File/program/lib/utf8lib.php

Description

/program/lib/utf8lib.php - utility-routines for UTF-8

This file deals with the idiosyncrasies of UTF-8.

Reference: The Unicode Consortium, The Unicode Standard, Version 6.0.0, (Mountain View, CA: The Unicode Consortium, 2011, ISBN 978-1-936213-01-6) <http://www.unicode.org/versions/Unicode6.0.0>, chapter 3 (Conformance), page 94

Summary of the way valid code points are stored in 1 to 4 byte sequences.

bits code-points 1st byte 2nd byte 3rd byte 4th byte ---- ----------------------------- --------- --------- --------- --------- 7 0000 0000 0000 0000 0xxx xxxx 0xxx.xxxx 11 0000 0000 0000 0yyy yyxx xxxx 110y.yyyy 10xx.xxxx 16 0000 0000 zzzz yyyy yyxx xxxx 1110.zzzz 10yy.yyyy 10xx.xxxx 21 000w wwzz zzzz yyyy yyxx xxxx 1111.0www 10zz.zzzz 10yy.yyyy 10xx.xxxx

bits byte 1 byte 2 byte 3 byte 4 comments ---- ------- ------- ------- ------- -------- 7 00 - 7F U+0000 - U+007F 80 - BF --> ill-formed C0 - C1 80 - BF --> overlong 2-byte 11 C2 - DF 80 - BF U+0080 - U+07FF E0 80 - 9F* 80 - BF --> overlong 3-byte 16 E0 A0 - BF* 80 - BF U+0800 - U+0FFF 16 E1 - EC 80 - BF 80 - BF U+1000 - U+CFFF 16 ED 80 - 9F* 80 - BF U+D000 - U+D7FF ED A0 - BF* 80 - BF --> surrogates (U+D800 - U+DFFF) 16 EE - EF 80 - BF 80 - BF U+E000 - U+FFFF F0 80 - 8F* 80 - BF 80 - BF --> overlong 4-byte 21 F0 90 - BF* 80 - BF 80 - BF U+10000 - U+3FFFF 21 F1 - F3 80 - BF 80 - BF 80 - BF U+40000 - U+FFFFF 21 F4 80 - 8F* 80 - BF 80 - BF U+100000 - U+10FFFF F4 90 - BF* 80 - BF 80 - BF --> invalid planes 11 - 13 F5 - F7 80 - BF 80 - BF 80 - BF --> invalid planes 14 - 1F F8 - FB --> invalid 5-byte sequence FC - FD --> invalid 6-byte sequence FE - FF --> disallowed (BOM)

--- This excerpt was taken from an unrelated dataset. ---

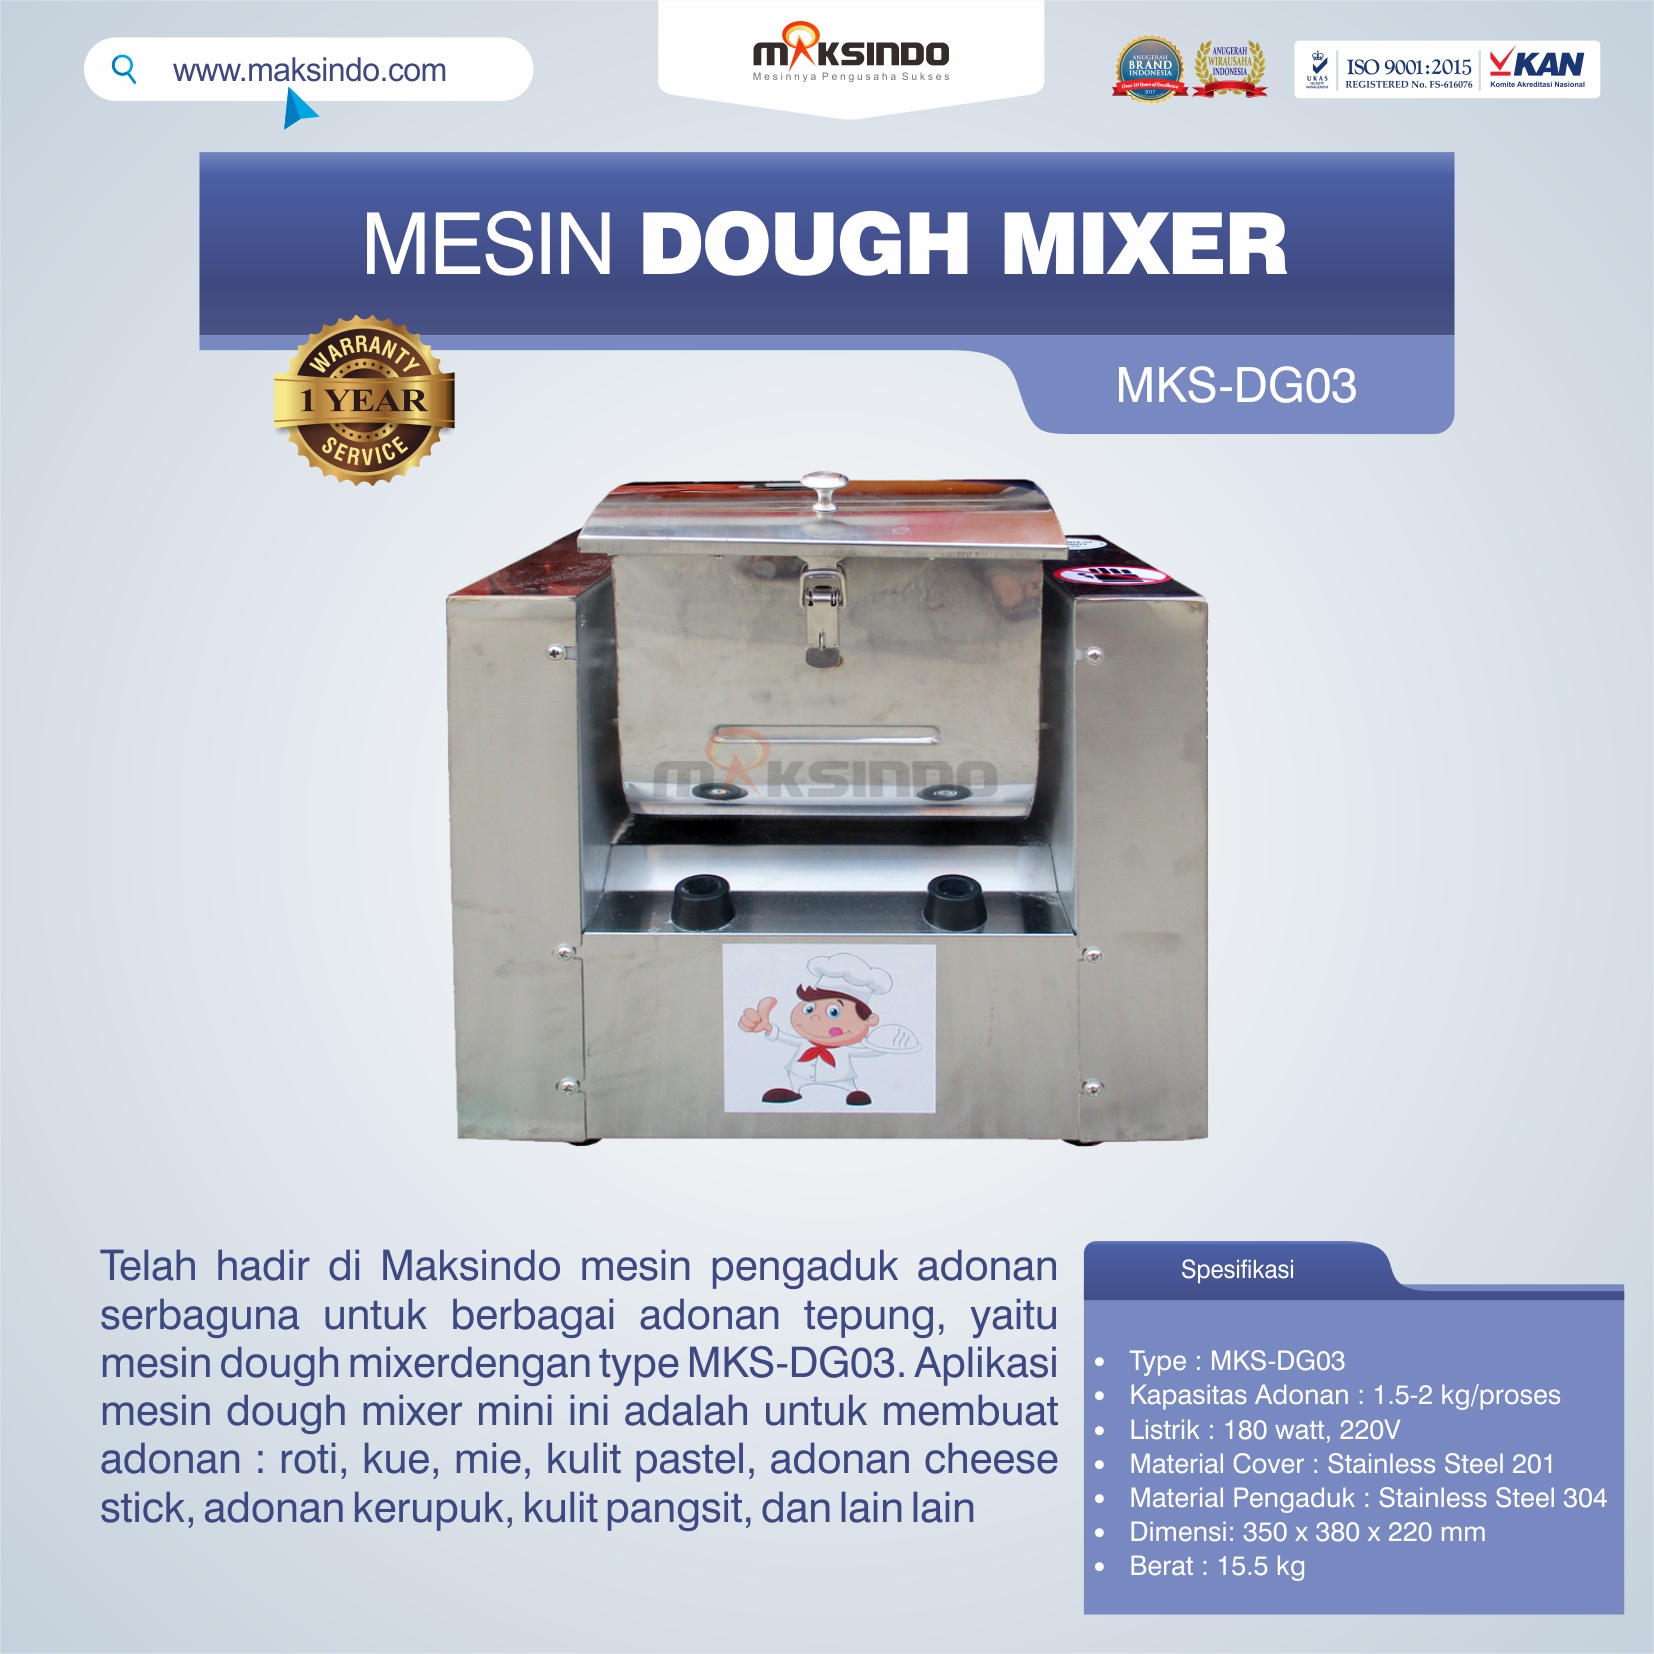 Jual Mesin Dough Mixer MKS-DG03 di Solo

Note: Non-standard continuation ranges are marked with * (only for byte 2)

Constants
USE_MBSTRING = TRUE (line 70)
Functions
utf8_strcasecmp (line 181)

compare two UTF8 strings in a case-INsensitive way

This compares two UTF-8 strings caseINsensitive. We do this by comparing the lowercase variant of the strings with the regular strcmp. We use lowercasing because that translation table is 'better' than the upper case one.

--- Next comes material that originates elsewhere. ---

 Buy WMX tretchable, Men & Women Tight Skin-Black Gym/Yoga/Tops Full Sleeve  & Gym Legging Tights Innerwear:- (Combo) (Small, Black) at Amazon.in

Note that this is a quick and dirty approach: we simply use the multibyte strings as-is rather than extracting the actual code points and applying some sort of collation because that would make it much more complicated.

  • return: result < 0 if string 1 < string 2, result > 0 if string 1 > string 2, 0 when equal
int utf8_strcasecmp (string $utf8str1, string $utf8str2)
  • string $utf8str1: first string
  • string $utf8str2: second string
utf8_strlen (line 112)

calculate the number of code points encoded in an UTF-8 string

This routine uses a trick to calculate the number of code points available in string $str. By first converting the UTF-8 string to ISO-8859-1 all multi-byte code points (ie. all non-ASCII) are converted to a single byte: the correct ISO-8859-1 character where possible and a '?' for characters not available in the ISO-8859-1 reportoire. Note that utf8_decode() does NOT work very well on ill-formed UTF-8 strings, e.g. it happily interprets codes in invalid planes and translates truncated sequences to chr(0). The good news is that it works for valid UTF-8.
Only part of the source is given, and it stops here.